__Supplied records__:
== == ==

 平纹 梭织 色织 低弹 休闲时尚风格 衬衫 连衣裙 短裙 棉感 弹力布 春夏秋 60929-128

== == ==

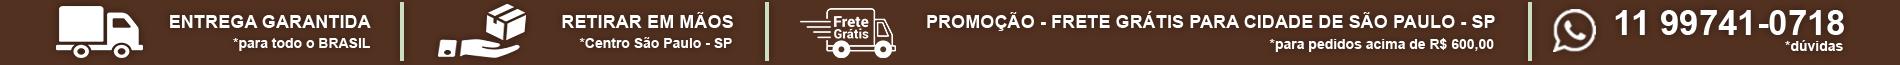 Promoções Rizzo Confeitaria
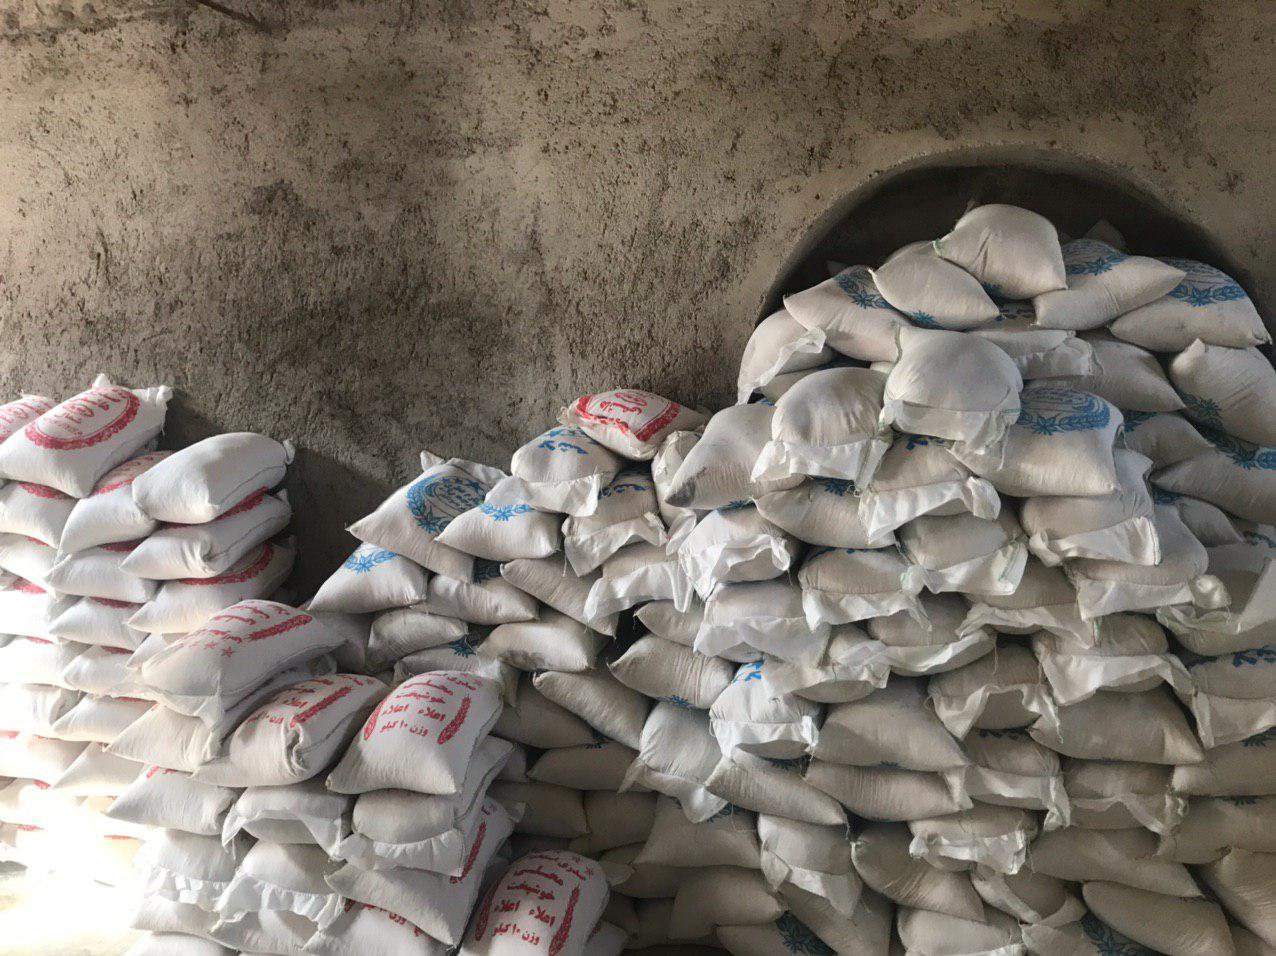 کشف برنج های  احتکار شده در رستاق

== == ==

__Task item__: Would you print exactly the lines in the listing above, from the line bearing "Promoções Rizzo Confeitaria" through the line bearing "کشف برنج های", leaving out all pictures?

__Written solution__:
 Promoções Rizzo Confeitaria
 کشف برنج های  احتکار شده در رستاق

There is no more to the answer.